Reflections on EXPLORATIONS #02 LAND-(WIRT)SCHAFTS
We shape our landscapes and our landscapes shape us
A muu-baa workshop held at Frötscherhof, Brixen/St. Andrä, Südtirol on Saturday, 17 November 2018.
This workshop was attended by 22 participants including farmers, representatives from the tourism industry, LAG advisors, architects, a food network entrepreneur, a baker and university researchers from the Faculty of Design & Art, unibz. The key aim of this six-hour workshop was to explore different perspectives, generate ideas and concepts for new projects, and map the key actors and stakeholders in South Tyrol that directly or indirectly influence landscape.
Report is here Reflections on EXPLORATIONS 02 Land(wirt)schaft AFL v1.0 280119.
The facilitator Professor Alastair Fuad-Luke, Faculty of Design & Art, unibz was assisted throughout the workshop by two translators Lena Voegele and Martina Dandolo, both from Merano, the former a current student and the latter an alumni student of the Masters in Eco-Social Design at unibz. Support was also provided by Erica Boito, a freelance researcher, and Elizabeth Rattalino, a researcher at the Faculty.
The event was hosted by Anna and Sep Jocher at Frötscherhof. Local food and drink was supplied by chef, Christiane Gruber.
Warm-up/speed dating. After a welcoming warm drink and cake, the participants wrote salient facts about themselves on a piece of cloth which they then wore in a style that they preferred as a sash, waistband and so on. The cloth texts facilitated conversations between the participants as they circulated to meet as many people as possible.
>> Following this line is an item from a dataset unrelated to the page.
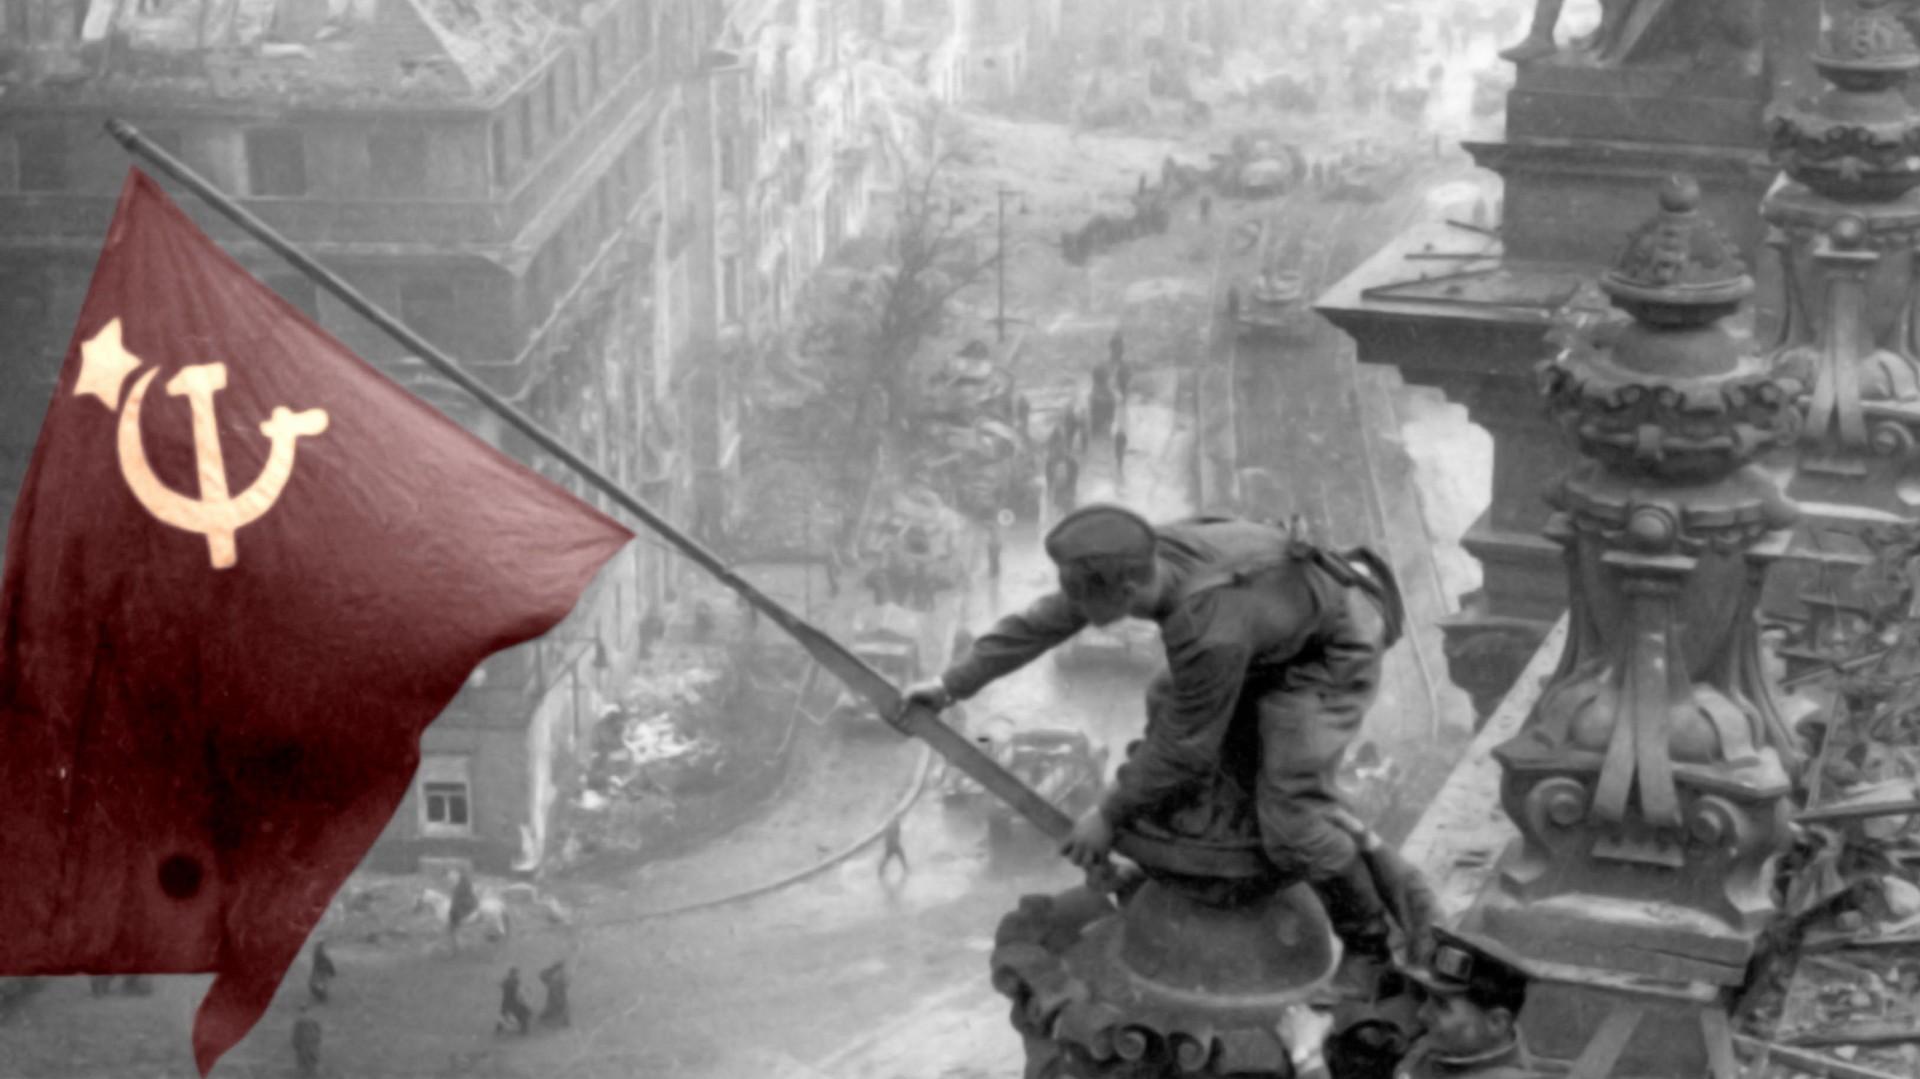 پرچم اتحاد شوروی بر فراز رایشستاگ برلین

PART 1: Plural Perspectives
Five people presented their viewpoints about landscape, its resources and products, potential for experimentation, small-scale architectural works with and for farmers, and how art represents landscape past and present.
Alastair Fuad-Luke (AFL), Professor of Design Research, Faculty of Design & Art, unibz, Bozen-Bolzano
Introduced the start-up research project What Could A Farm Be?, funded internally by the Free University of Bozen-Bolzano, and the formation of the muu-baa – an agri-cultural network of explorations in October 2018. Several examples of the farm as a factory for non-food products using natural fibres were presented. Participants were reminded of the importance of scale and zooming in/out (using Charles and Ray Eames‘ inspirational video, The Power of Ten, 1972) using examples from the South Tyrolean landscape. We should not forget other living things that contribute at the scales of centimetres, millimetres and microns. A consequence of different activities at different scales is many “voices” for Landscape and a dynamic landscape formed by different “agents”.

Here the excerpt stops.